Sunday, November 25, 2007

A weekend of food

On our visit to the Indianapolis Museum of Art on Saturday, we enjoyed this painting of hors d'oeuvres by Gustave Caillibaut. But of course you want to hear about our Thanksgiving dinner:

Elaine cooked a fabulous meal entirely according to tradition. Maybe we were obligated to make up for Evelyn's decision to have fondue and trifle for her Thanksgiving dinner!

While Larry carved, Lenny made a fabulous glossy dark sauce for the turkey and stuffing, which Elaine had started the day before, and which she and I worked on for quite a bit of the day.

Elaine is really good at planning, and I joined in with the scheme. She had made one pot of stock from the neck and giblets on Wednesday. We used this for the stuffing. She'd also left the bread out to dry some overnight, and we seasoned it from her brand-new jar of poultry seasoning.

While we were cutting up celery, onions, and carrots, we also put aside a baggie full of chopped veggies for later making stock. As Larry carved, he put the bones right into a big pot. It cooked overnight. Saturday we used the fantastic stock for French onion soup for lunch. I realized that French onion soup is almost a Thanksgiving tradition -- for later in the weekend. It's the moment when we have great stock every year.

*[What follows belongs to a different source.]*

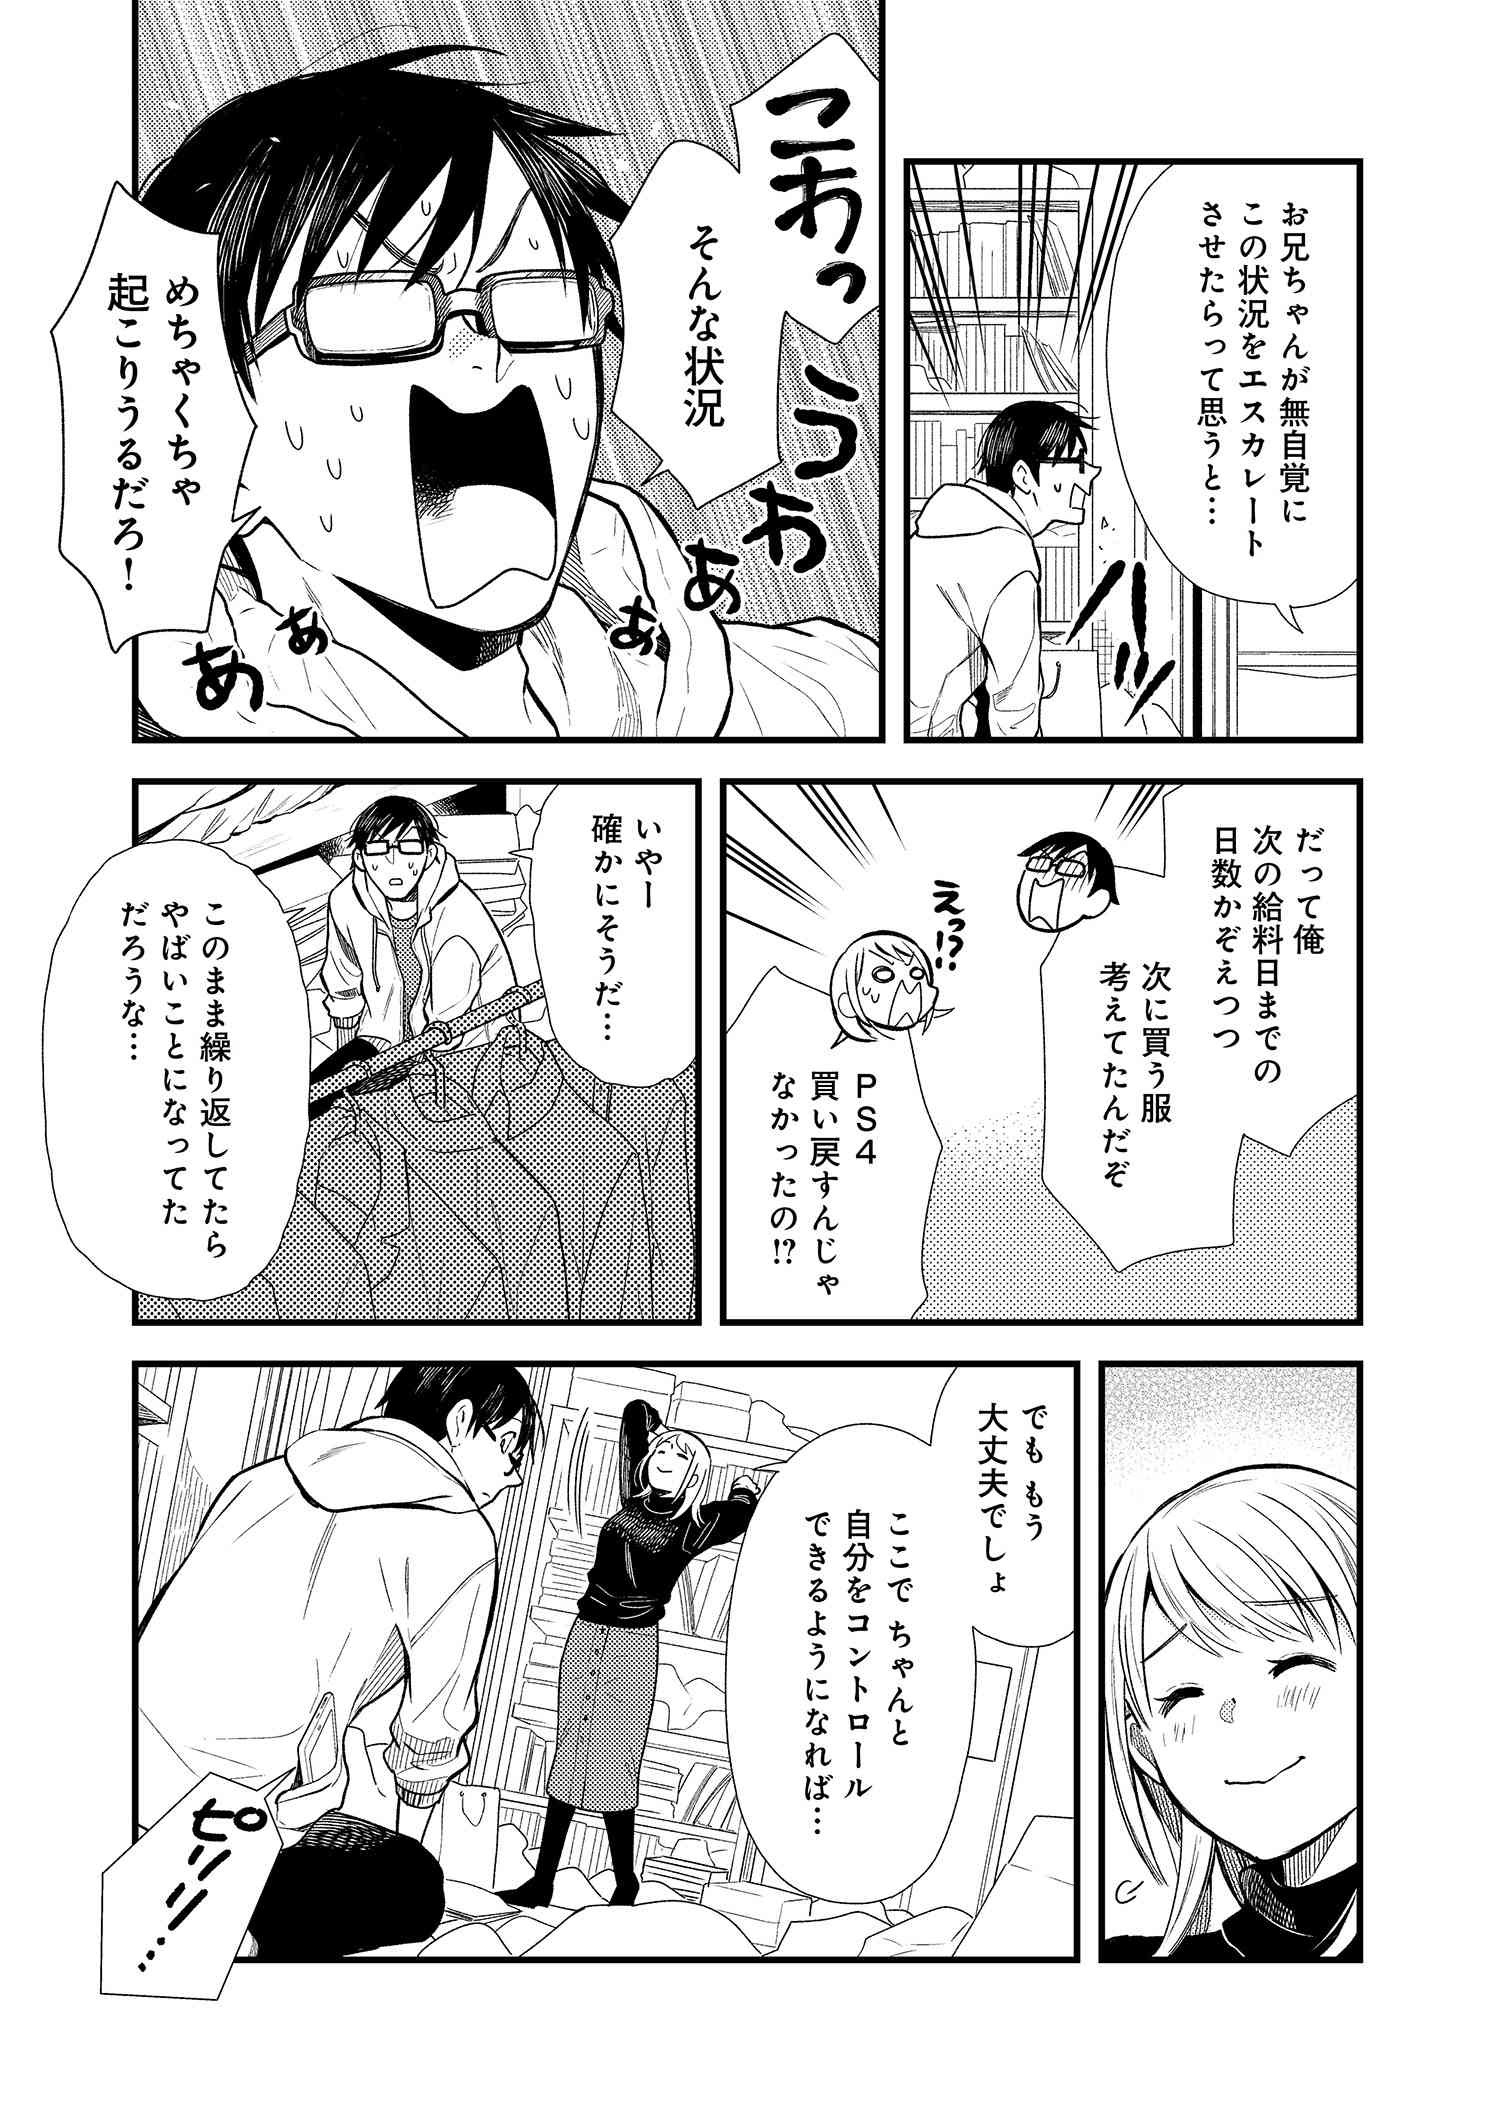 Fuku o Kiru Nara Konna Fuu ni - 服を着るならこんなふうに - Chapter 15 - Page 15

For Thanksgiving dessert, we had two pies and a chocolate cranberry cake. By that time, I was only able to eat one small piece of apple pie. Elaine makes the best apple pies I know of.

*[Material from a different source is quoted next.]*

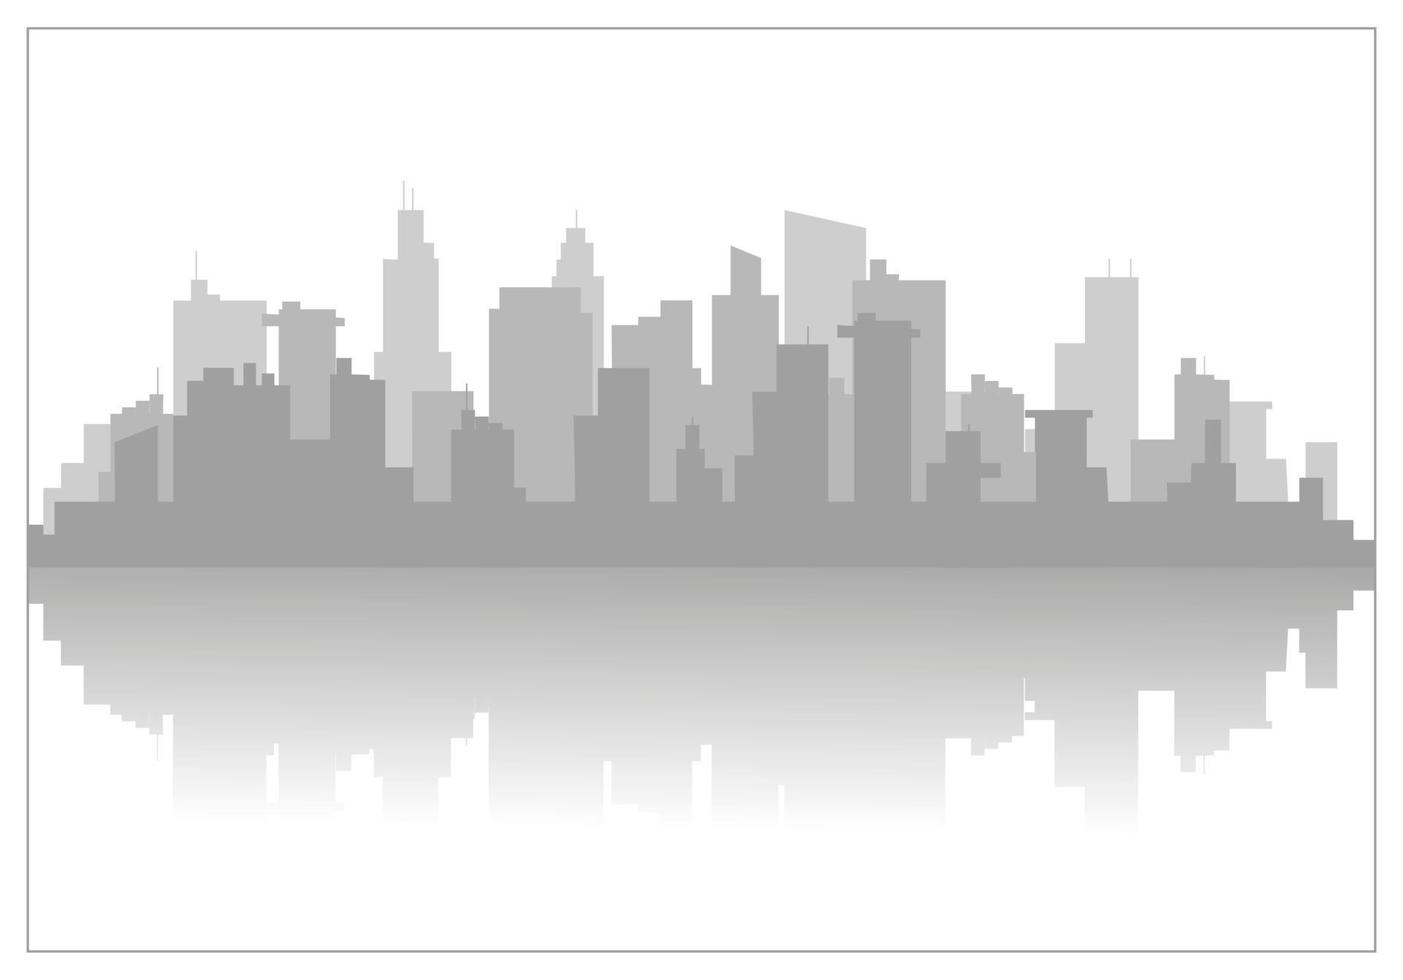 diseño moderno del horizonte de la ciudad. silueta vectorial.el fondo es una silueta de la ciudad para un sitio web o banner. concepto para un sitio web de alquiler de coches en todo el mundo vector

I think everyone had a fantastic time at Thanksgiving dinner. We had plenty of pie and apple salad left over for breakfast on Friday, too, before heading for Indianapolis (around an hour's drive through Hoosier fields past industrial areas, and into the city).

At the Museum Friday, we ate an entirely unmemorable cafe lunch, and of course had a full plate of leftovers for dinner Friday night, all very traditionally oriented, of course.

By Saturday night -- after the French onion soup lunch -- we were ready for a restaurant. Is a Chinese dinner part of Thanksgiving tradition? I don't know. We ordered shrimp with walnuts, moo-shu pork, fish with black beans, and a dish of green beans (despite the green beans we had eaten for Thanksgiving).

Food has obviously been very important to the Chinese for a very long time. In the Han Dynasty, more than a thousand years ago, the dead were sent off with a vast number of preparatory statues to accompany and serve them: including food. This selection, which we saw in the museum, includes a number of items, including a boar's head. An oven for cooking it is off to the side.